Коромысло Дьявола

22
18
20
22
24
26
28
30

Они ведь живут, неофит, не духом, они плотью к седмице биоритмами привязаны, социализированностью обусловленными. Уикенд у них…

— Понял, понял я все. Хорош грузить…

— Если въехал, то кончай онанировать и пошуршал ко мне на дачу. Павел Семенович, кстати, уже здесь, приехавши. Но покуда не отдыхавши…

— Не извольте сомневаться, Вероника свет Афанасьевна. Да, леди лейтенант Нич, мэм! Яволь! В айн момент приеду к вам, гнедиге фройлян Ника.

— Эй-е-ей! Ты это со своей тачкой полегче, неофит. Не шибко-то в дороге бузи. Не то аккурат промеж ног, промеж рог ретрибутивностью тя, милок, больно, горько и невкусно…

— Не учи ученого…

Спустя четверть часа рыцарь Филипп аккуратно, без лихачества выехал к арматору Веронике. Охрана проводила его внимательными взглядами и обменялась мнениями:

— Поднялся чувачок… На тачку хорошую пересел.

— Он у босса в доверии состоит и у Гореваныча в дружбанах ходит…

«Лендровер» рыцаря Филиппа, оставленный им ночевать во дворе, по-дружески душевно доверял охранникам. Однако арматорской машине не очень пришлись по нутру тамошние дворничихи, коты и неистребимые маразматики-пенсюки у ближних подъездов.

«Душевное оно дело — партсобрание старперов разогнать. Политклуб, из рака ноги. Как им только не надоест америкосов проклинать!

Также понятненько, почему мой джип старых пердуний скамеечных скопом по квартирам расточил. С утреца их… За ведьмовство и сглаз зложелательный. Вреда в минимуме, хотя злобы бесовской у иной подъездной бабы-яги побольше, чем у трамвайных кондукторов…

Дворничихи такие же злобные и тупорылые мегеры. Вспомнить хотя бы ту дуру, которой охрана в чан настучала зимой. Додумалась, падла простодырая, газон посыпать песком с солью. Это, чтоб наискосок было удобнее кривой дорожкой к ней в дворницкую напрямки чапать. А там хоть трава не расти…»

Отчего его «лендровер» невзлюбил дворовых котов, помойных и квартирных, Филипп также сообразил, не прибегая к дару инквизитора. Еще полгода тому назад немного понаблюдав за парковочной обстановкой во дворе, он пришел к зоологическим и этологическим выводам. И сей же час их с определенностью подтвердил.

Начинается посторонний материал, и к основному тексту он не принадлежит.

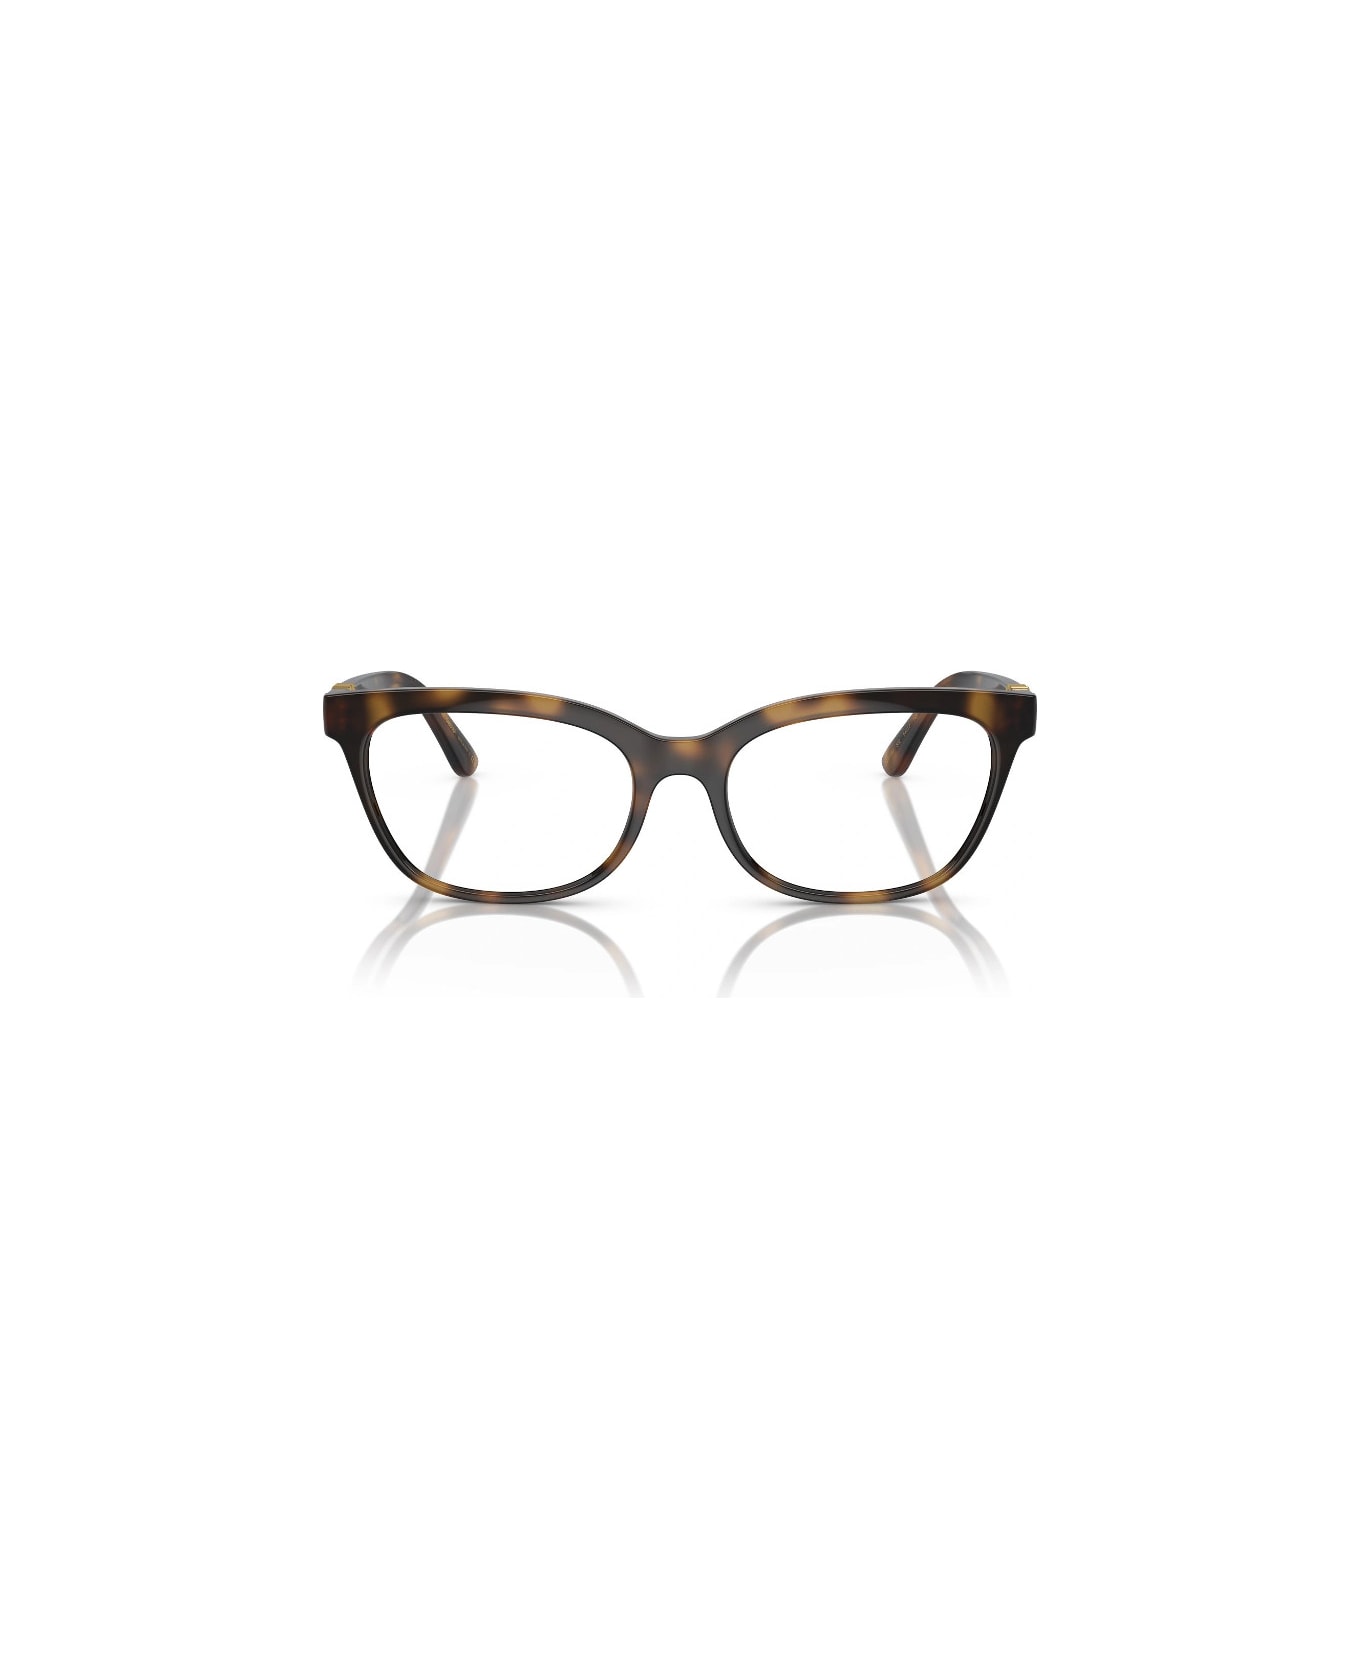 Dolce & Gabbana Eyewear DG5106 502 Glasses

Определенно, его новой машине не пришлось по вкусу то, как чрезмерно плодовитое и общительное кошачье племя повадилось обнюхивать и вонючим экскрементом метить номера, колпаки, обвесы, подножки припаркованных автомобилей.

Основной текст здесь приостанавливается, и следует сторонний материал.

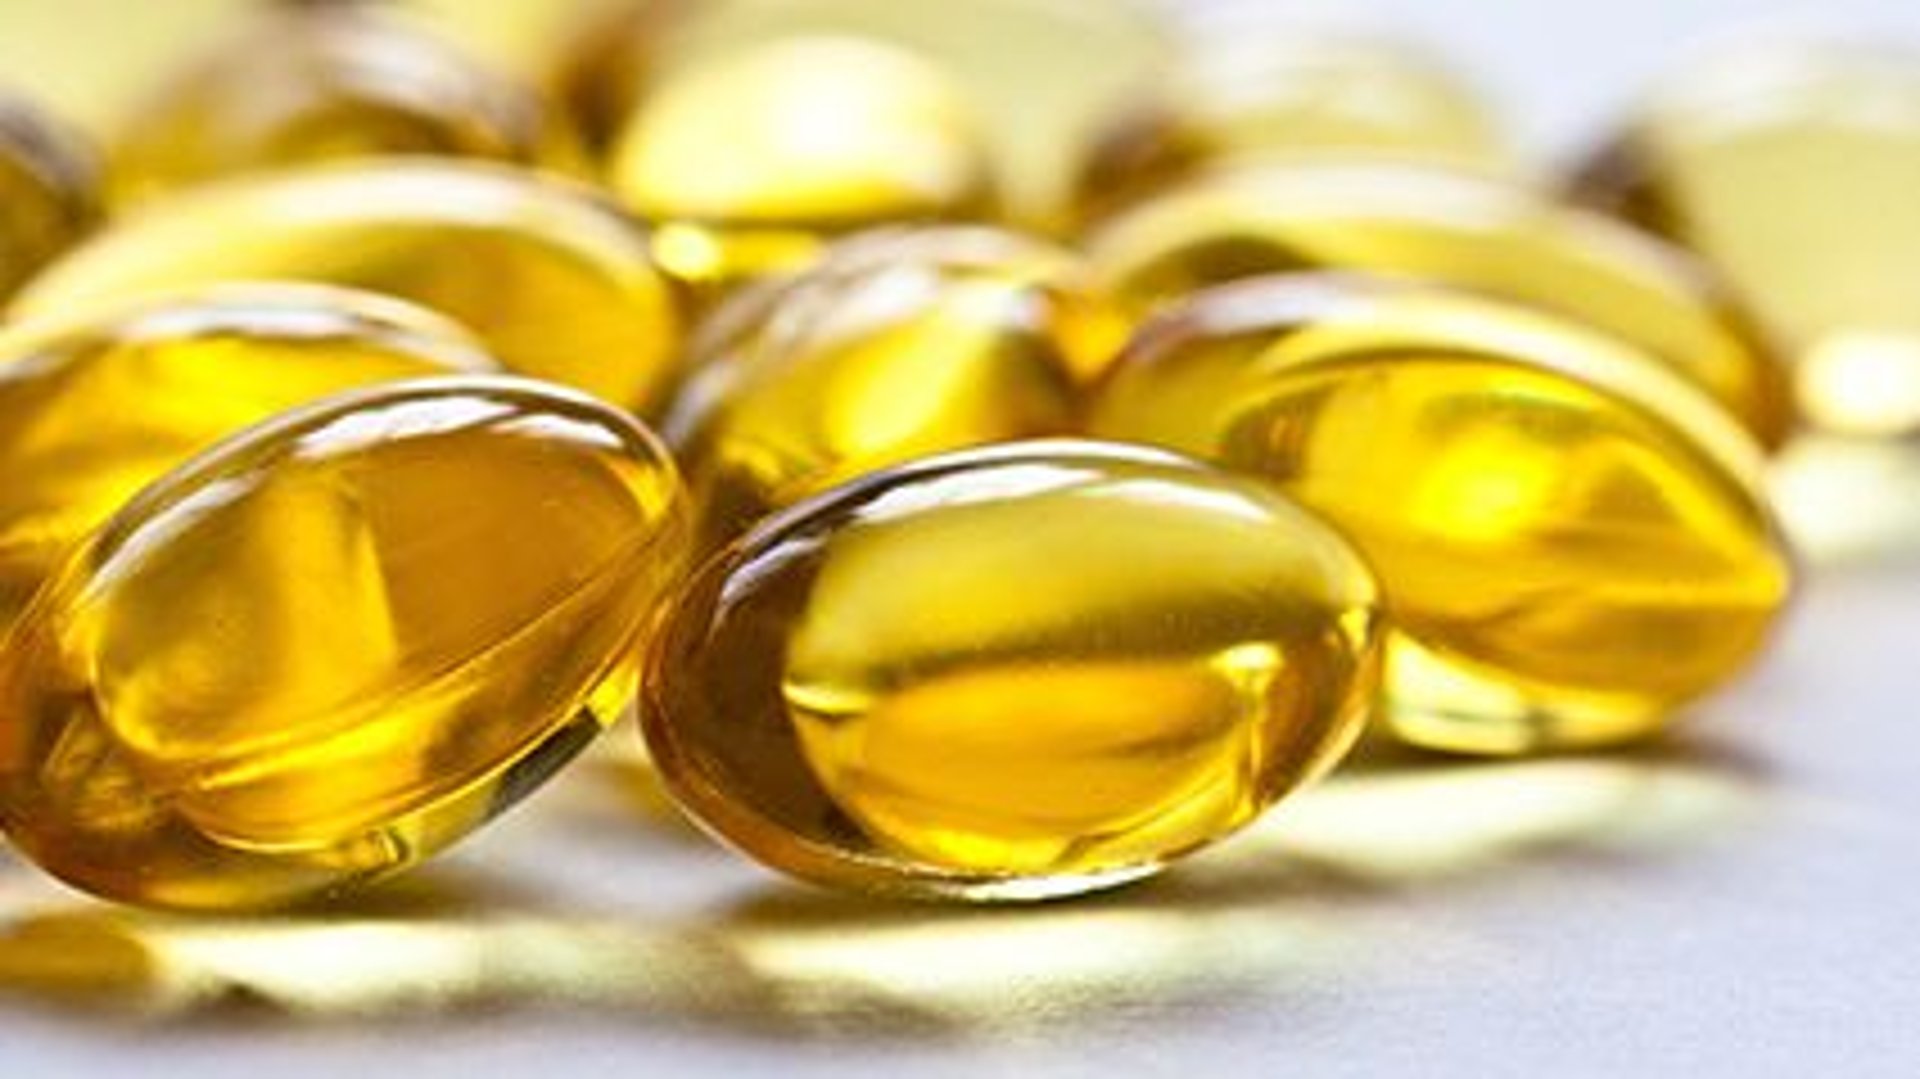 Vitamin D Supplements Won't Help Your Bones, Large Study Finds thumbnail

«А кому, скажите на милость, понравилось бы, если этакая мелкая бестия всякий раз на стоянке норовит тебя фекально обделать, уделать, завонять?..»

В дорожное настроение Филипп вошел с ходу и завелся с пол-оборота, выезжая со двора. Затем он укрепил боевую готовность, на глаз и с помощью минимального использования прогностики и предзнания определяя возраст встречных и попутных автомобилей. Обгонять его «лендровер» никто не рисковал и не пытался.

«Приплыли! Явление дерьма народу… Кругом бесовское старье всплошную. Одна нулёвая машина с конвейера в Дожинске приходится на сорок тачек, годных только для автомобильных свалок Европы и Америки. Пенсионный фонд, отстой и помойка…»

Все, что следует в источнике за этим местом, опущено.